# Estate Agent around Velez Malaga



## Feraya (Sep 22, 2014)

Hi, I'm looking for a reliable estate agent who speaks English in Andalucia, around Velez Malaga and Nerja area. Please can anyone recommend an estate agent?


----------



## Lynn R (Feb 21, 2014)

Feraya said:


> Hi, I'm looking for a reliable estate agent who speaks English in Andalucia, around Velez Malaga and Nerja area. Please can anyone recommend an estate agent?

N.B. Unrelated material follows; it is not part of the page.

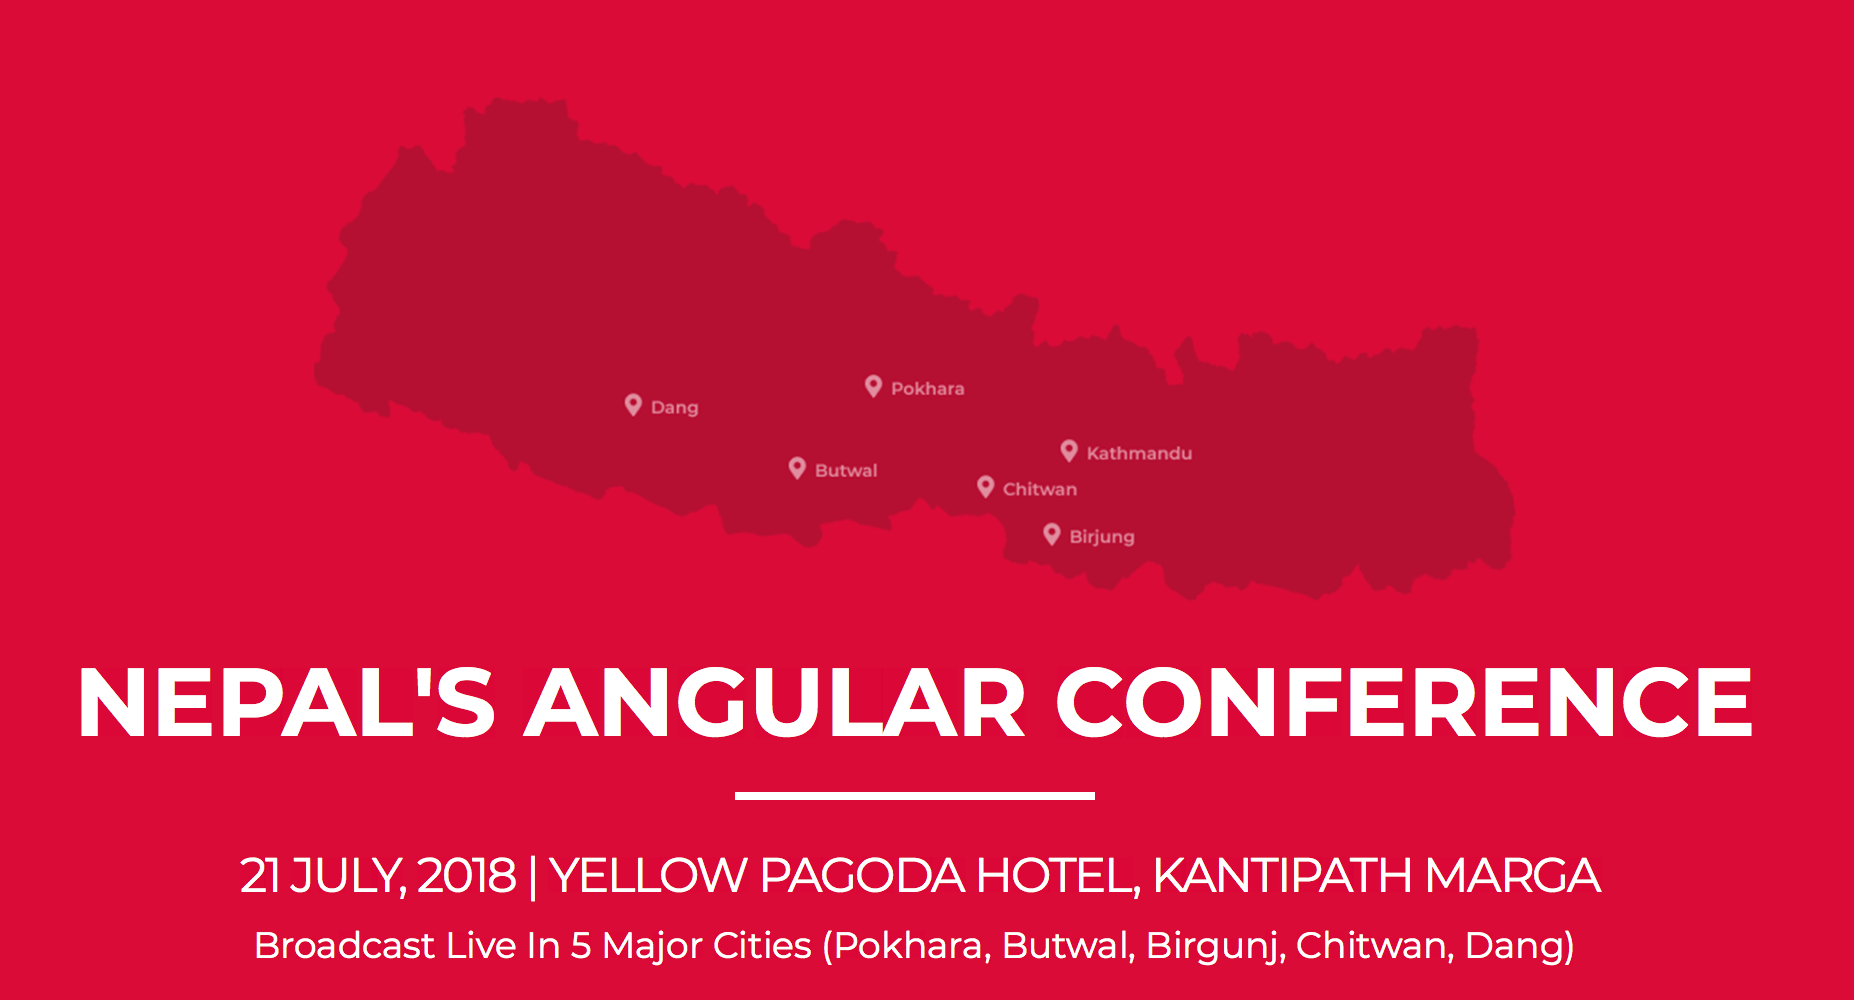 Nepal's Angular Conference

I know a number of people who have bought properties through, and others who have sold through, this one, and nobody has reported having any problems so far:-


Essential Properties

There is also:-

http://buyahomespain.com/

Both have their offices in Torre del Mar.


----------



## Feraya (Sep 22, 2014)

*Thank you very much again, Lyn R. You are very helpful. Have a nice day!*


----------



## LesleyL (Apr 18, 2012)

I would second Lynn R's recommendation for Buy A Home Spain. We bought through them last year and they were very good.


----------



## EMcP (Sep 30, 2012)

Feraya said:


> Hi, I'm looking for a reliable estate agent who speaks English in Andalucia, around Velez Malaga and Nerja area. Please can anyone recommend an estate agent?


Fleming Properties in Nerja . Roly and Anne are a family owned agency who have lived in the area for over twenty years. They have a deep understanding of the processes, policies etc and are genuinely interested in helping not selling.


----------



## Feraya (Sep 22, 2014)

*Estate agents around Velez Malaga*

Thanks, EMcP.


----------



## lenalan (Aug 20, 2016)

Boked holiday rentals with Flemming Properties in June 2016 for 11 nights.
Stay was ok itself, but almost two month after check out we still waiting for our damage deposit
to be returned. Despite multiple assuring that it will be transferred asap.
Deposit was 100 eur i.e. about 20% of rental, so it is valuable amount. 
Looks like cheating. Consider the fact when contacting the agency.

Dmitry & Elena


----------